Transmission of the human immunodeficiency virus

These body fluids are modes of transmission:

  • Semen and precum. This is important to know because pulling-out doesn’t prevent the spread of HIV. Only the use of prophylactic measures, such as condoms, are effective.
  • Rectal vaginal secretions, and the mucus of these areas.
  • Blood. You can pass down or contract through transfusions, although the incidence rate for this cause is currently negligible. This is because the tests on transfused people are rather strict. Similarly, sharing syringes in intravenous addicts are a growing risk.

The mentioned body fluids must come into contact with the other person’s mucous membranes or injured tissues for transmission to occur. Either that or be injected into the bloodstream. On another level, women with HIV can transmit the virus to their babies during pregnancy, childbirth, or breastfeeding.

Symptoms of HIV

The symptoms of HIV don’t appear until it’s already at an advanced stage. Mainly when the infected people contract other opportunistic infections or develop neoplasms. This creates a long window with no opportunity for early detection and this worsens the prognosis.

Initially, the virus causes flu-like symptoms with fever, tiredness, and joint pain when it enters the bloodstream and replicates. However, people often mistake these symptoms for a common cold.

This flu-like picture is self-limited and the person is well again after a few weeks or days. However, the virus doesn’t disappear. In fact, it remains latent within the lymphocytes and lymph nodes. After a few years, it comes out of hibernation and begins to replicate. It depends on each infected person, though.

As the person finds themselves defenseless, other viruses, bacteria, and fungi are able to infect them. The same microorganisms that don’t usually cause problems in a healthy person, lead to serious infections in a person with HIV. This is why we say these types of pathologies are opportunistic.

Some examples of the Symptoms of HIV

  • Pneumocystis jiroveci causes severe pneumonia, affecting both lungs without expectoration or pain in the chest. Also, the infected person will have a constant fever and a feeling of suffocation.
  • Recurrent pneumococcus.
  • Pulmonary and extrapulmonary tuberculosis. Most of the people exposed to this bacterium manage to stop the infection and prevent its evolution. However, the defenses aren’t enough in the case of HIV.
  • Cerebral toxoplasmosis. A toxoplasma is a parasite found in raw meat and cat feces. Most of the population has had contact with this parasite at some point or another, but the disease never develops. However, it resurfaces and lodges in the brain in situations of immunosuppression.
  • Digestive Candida. One of the symptoms of HIV in the digestive system is gastroenteritis caused by rare fungi, such as candidiasis.

Any infection spreads throughout the body and becomes serious in a patient with HIV. This is because there aren’t enough defenses to control them. Mortality isn’t so much from the virus itself, but from opportunistic infections.

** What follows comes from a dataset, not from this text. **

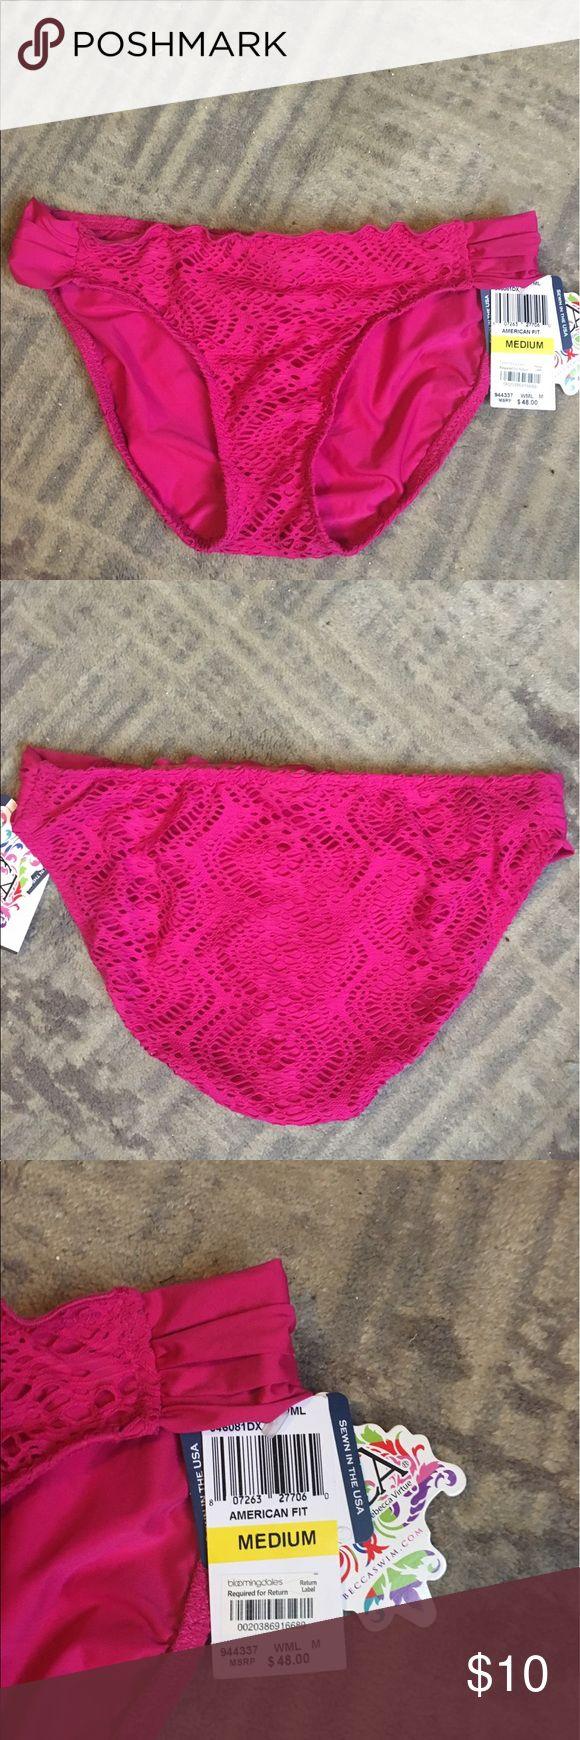 Becca hot pink bikini bottom Got pink full coverage crochet bikini bottom. New with tags. BECCA Swim Bikinis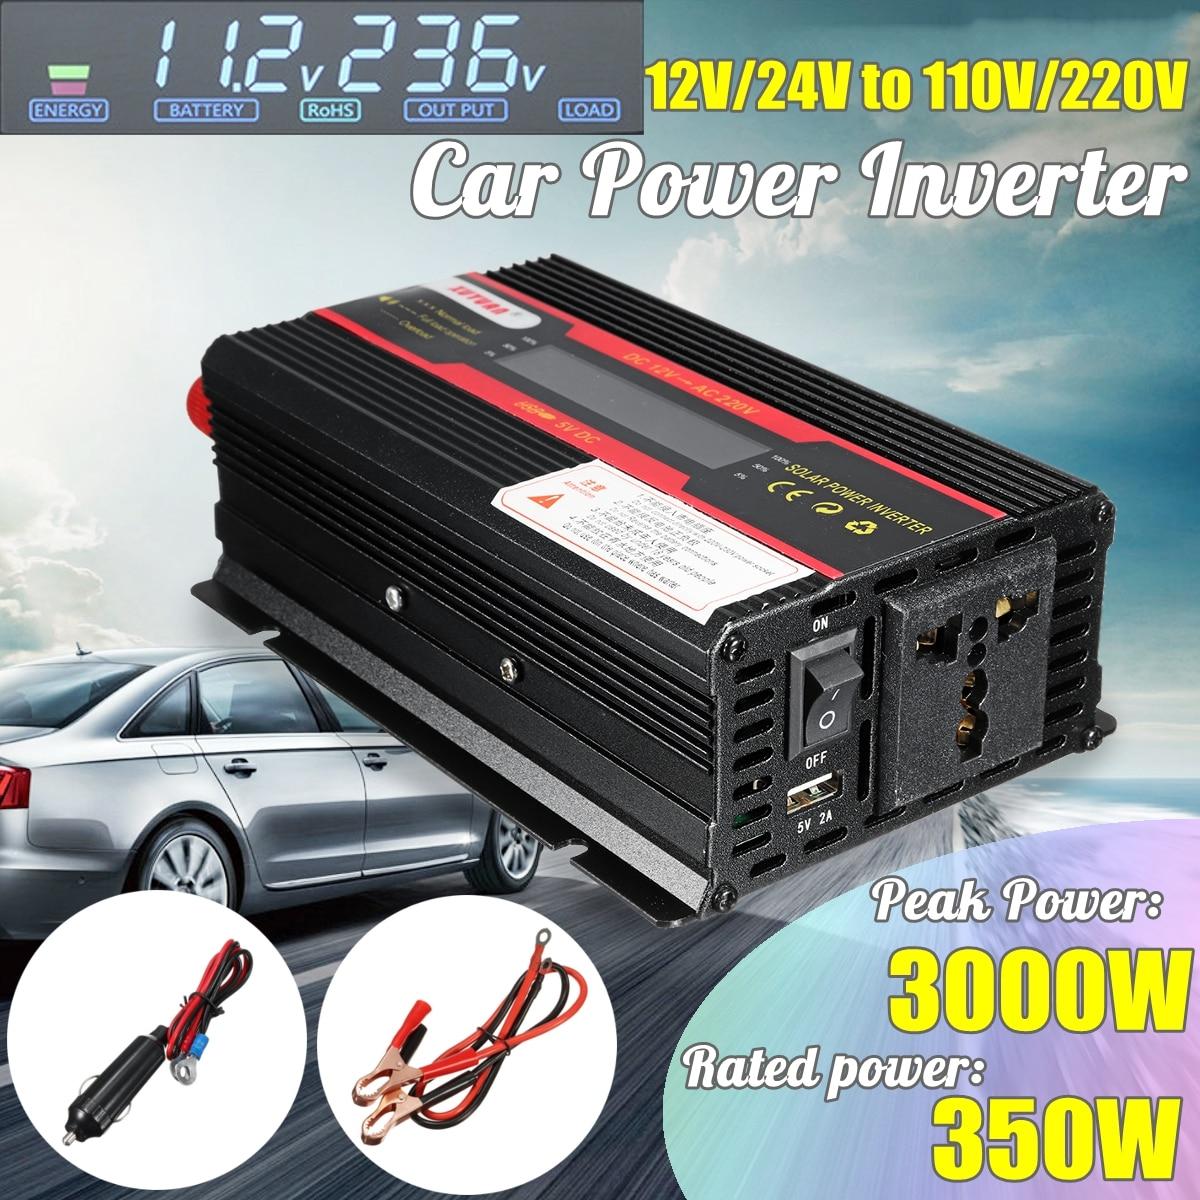 Car Inverter 12V 220V 3000W P eak Power Inverter Voltage Convertor Transformer DC 12V/24V To AC 220V/110V Solar Inversor LCD 1pcs lot sh b17 50w 220v to 110v 110v to 220v

There are also neoplasms that develop characteristically in patients with HIV. These are cancers that aren’t as frequent in other people and that multiply due to the deficiency of the immune system in the identification of abnormal cells. The most common one is Kaposi’s sarcoma.

What to do when detecting possible symptoms of HIV (human immunodeficiency virus)?

Currently, anyone who has positive markers for HIV can begin early antiretroviral treatment. The importance of using these drugs as quickly as possible is to prevent spreading it and improve the life expectancy of a patient.

Not taking antiretroviral treatment makes the infection go out of control and the immune system becomes weaker. In addition, other people who might be infected by the high viral load are at higher risk — by having unprotected sex, for example.

Symptoms of suspected HIV should alert you to request a screening test from your doctor. Don’t be afraid to request it. Many countries have already legislated mechanisms to ensure confidentiality and so there are no prejudices about the patients’ medical records.